The curator of LDT is Marta Soul.  And a local curator in each host city also contributed to the project, they are Michelle Ricardo (Santo Domingo), Tania Hernández (La Habana), Luis Gómez Rincón ( Maracaibo), Roxana Martínez ( Bogotá),  Johann Wolfschoon (Panamá), Stefan Benchoam (Guatemala), Paulina León (Quito) and Gean Moreno (Miami).

The exhibition is taking place at Tabacalera, espacio PROMOCIÓN DEL ARTE. (here’s an nice image of my piece).  An old tobacco factory built around 1780-1792.

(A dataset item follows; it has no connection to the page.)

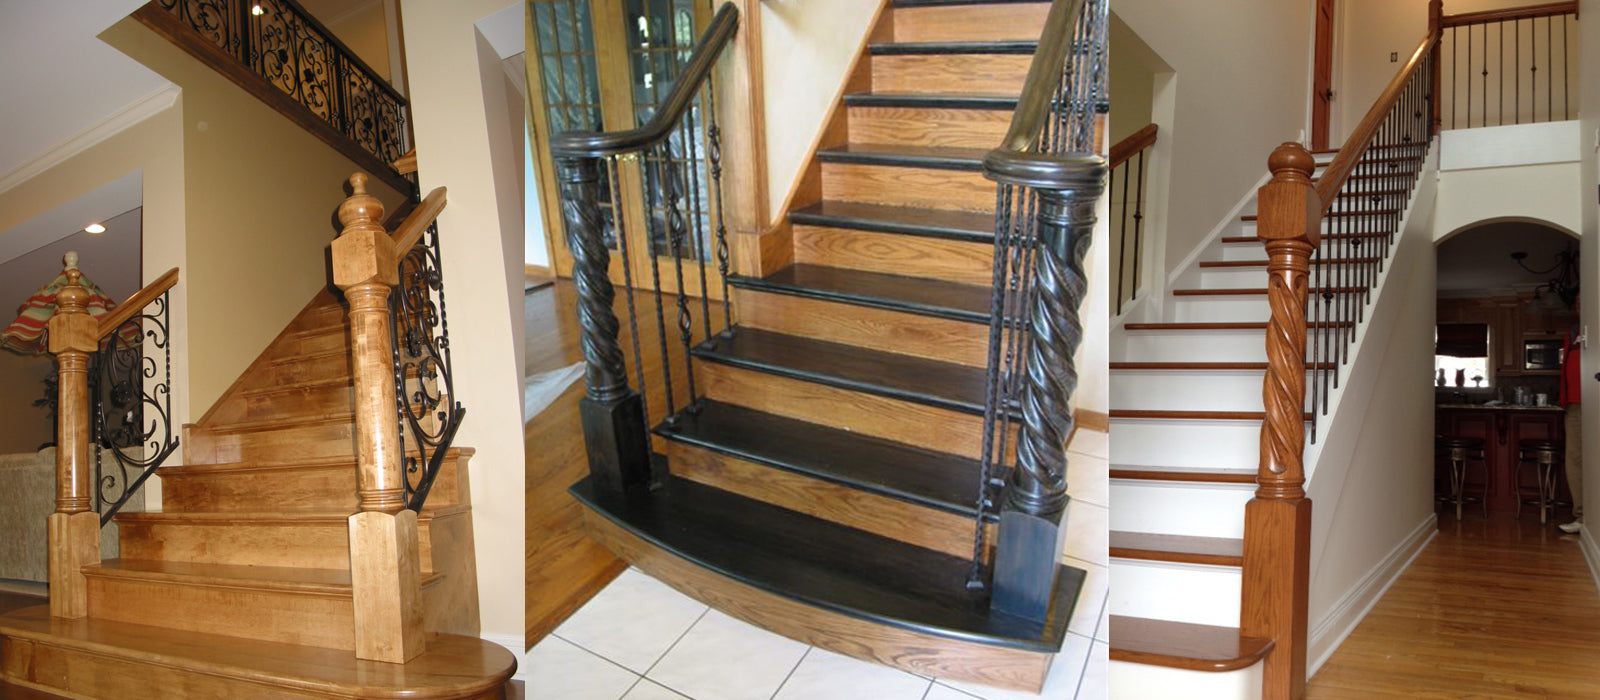 Inspired & Distinctivly Crafted | Custom Trophy Newel Posts with wrought iron balustrades

The other half of the building houses a C.S.A.(Centro Social Autogestionado).

  

The press release

Exposición ‘Lugares de Tránsito’

22 junio – 2 septiembre

Tabacalera. Espacio Promoción del Arte
C/ Embajadores 51. Madrid
www.lugaresdetransito.net

El Ministerio de Educación, Cultura y Deporte inaugura el próximo jueves 21 de junio, la exposición Lugares de Tránsito, organizada por la Subdirección General de Promoción de las Bellas Artes en Tabacalera, donde se mostrarán 8 proyectos fotográficos desarrollados en América Latina, resultado del trabajo realizado bajo la premisa de investigar otros modelos de producción en la creación contemporánea.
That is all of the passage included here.